Now I routinely toss the bulk of my family's kitchen and yard waste into my back-yard bin, a red 55-gallon oil drum with small holes on its bottom and side. Thanks to a simple mixture of organic materials and the hard labor of numerous earthworms for whom I've developed a certain fondness, I have a steady supply of free fertilizer.

"Black gold," the gardening magazines call it. "An inevitable response to the waste-disposal problem" is what more and more municipal governments are calling it. Nationwide, a growing number of officials have realized they must do something about the yard waste that constitutes about a quarter of the refuse in landfills.

To date, few governments have passed the talking stage and actually launched large-scale community composting facilities. Two such plants were set up this year in Connecticut through a joint effort of the National Audubon Society and the Proctor & Gamble Company. (Composting, like politics, can make strange bedfellows.)

Regular citizens, too, could help a lot by composting in their yards. According to a recent poll, 12 percent of Americans mine at home for the black gold of compost. Somehow that strikes me as an inflated figure. I know only one person who composts, and that's Mike Klingaman, the guy who writes the gardening column for this newspaper.
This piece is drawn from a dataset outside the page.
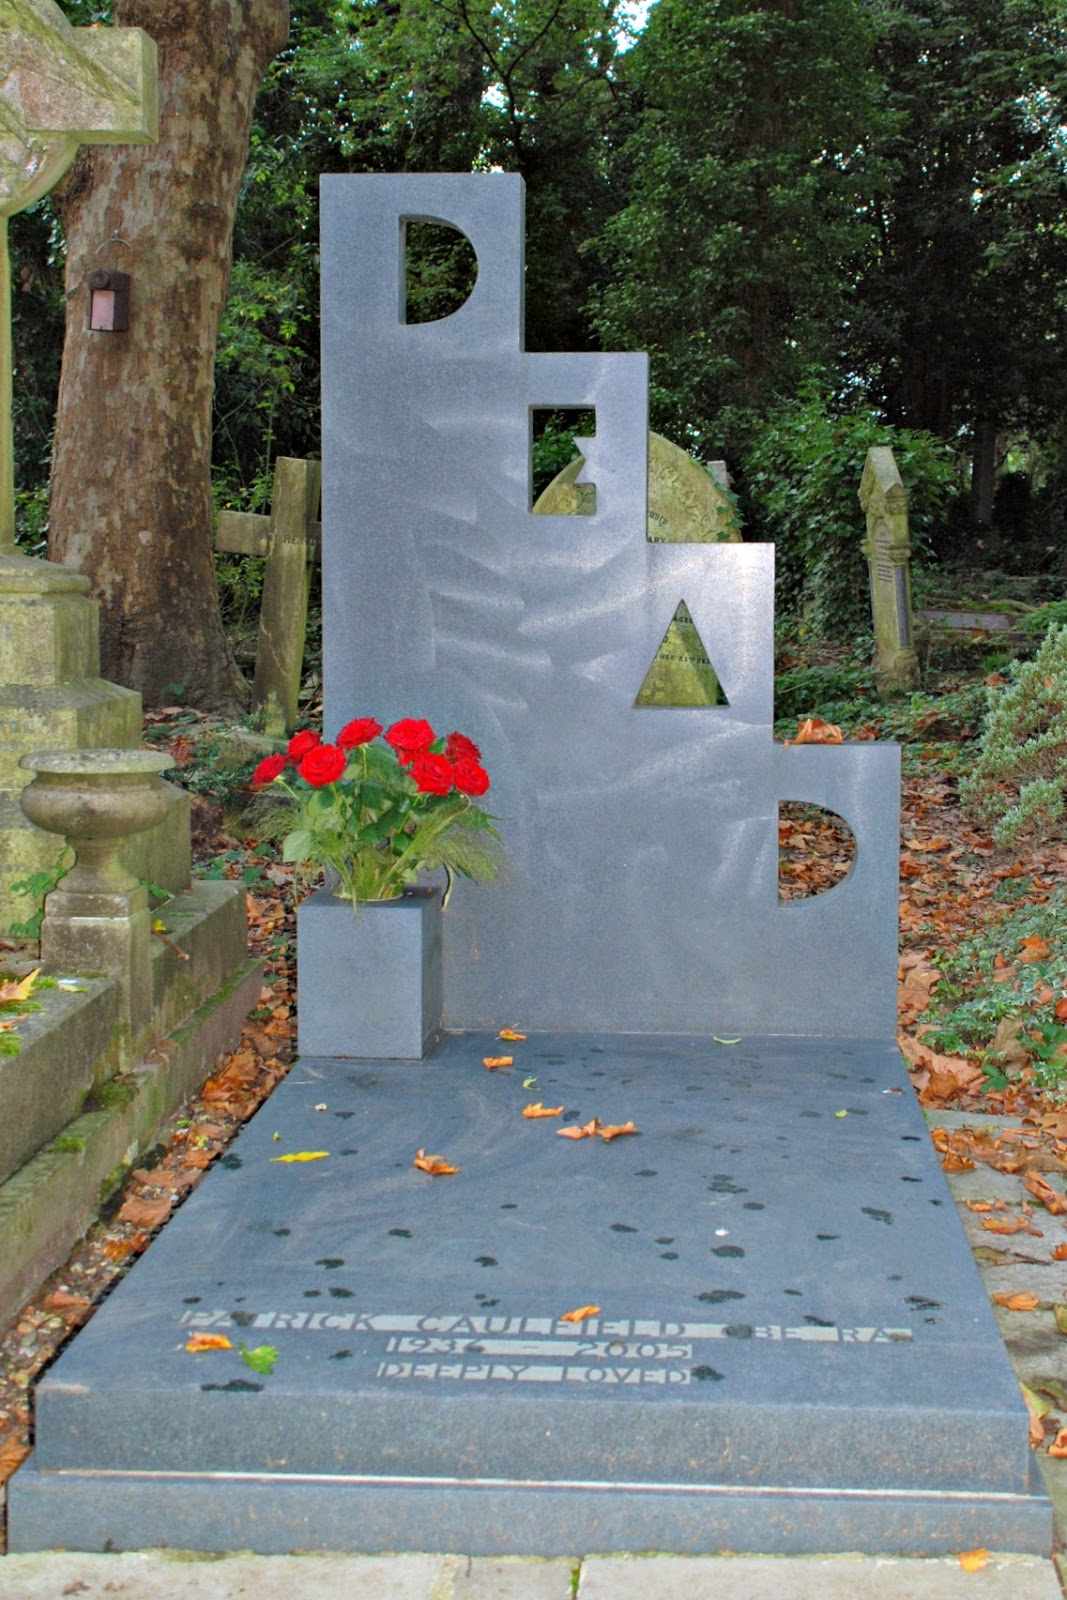 Patrick Caulfield's memorial, Highgate Cemetery, London

He's practically obligated to compost.

In fact, judging by the reactions I get when people learn about my composting -- they gasp or draw back or move to a different zip code -- I'm doubtful anyone would ever admit to a pollster that he or she composts. To most people, it seems, compost's name is mud.

As a card-carrying suburbanite, I was at first confused by these reactions. I always thought people moved to the suburbs so they could have their own little plot of terra firma and be closer to the earth.

I've since concluded that what most suburbanites desire isn't so much to be closer to Mother Nature as it is to wrestle the old girl to the ground with their electrified mowers, trimmers, blowers, sprayers, whackers, pruners, edgers and other weaponry of "landscaping."

No, I'm not advocating knee-high lawns or untamed stretches of quack grass. All I'm saying is I sense in suburbia an attitude toward nature that isn't, well, natural. It might account for the "you need help, pal" looks I get when people learn about the oil drum in which I've been mixing table scraps, leaves, grass clippings, cow manure, ground lime and the fattest, happiest bunch of earthworms you've ever met. Yet what could be more natural?

I confess, when I started composting, I attacked it with the gonzo zeal of the convert. I asked friends at work to save me the banana peels and apple cores from their lunches. I approached neighbors who were mowing their lawns and told them to hold onto their grass cuttings for me. I would have gone door-to-door through my neighborhood and offered my services as a leaf raker, but I felt bad about muscling in on the 10-year-old kid who usually did the job.

These days, I'm more matter-of-fact. Composting has become a habit around my house. When my 3-year-old daughter won't finish her broccoli, or we have leftover coffee grounds or melon rinds, we just toss the stuff into the plastic gallon container that sits on the kitchen counter. Once the container is filled, I take it to the back yard and mix the contents with the material already composted in the 55-gallon drum.

Easy, organic, good for my garden, good for the environment, composting embodies the "think globally, act locally" philosophy. It would be tough to get more local than my back yard, where the compost bin sits 10 feet from my kitchen door.

And if Geraldo calls? I'll give him Klingaman's number.

Patrick Ercolano writes editorials for The Baltimore Sun.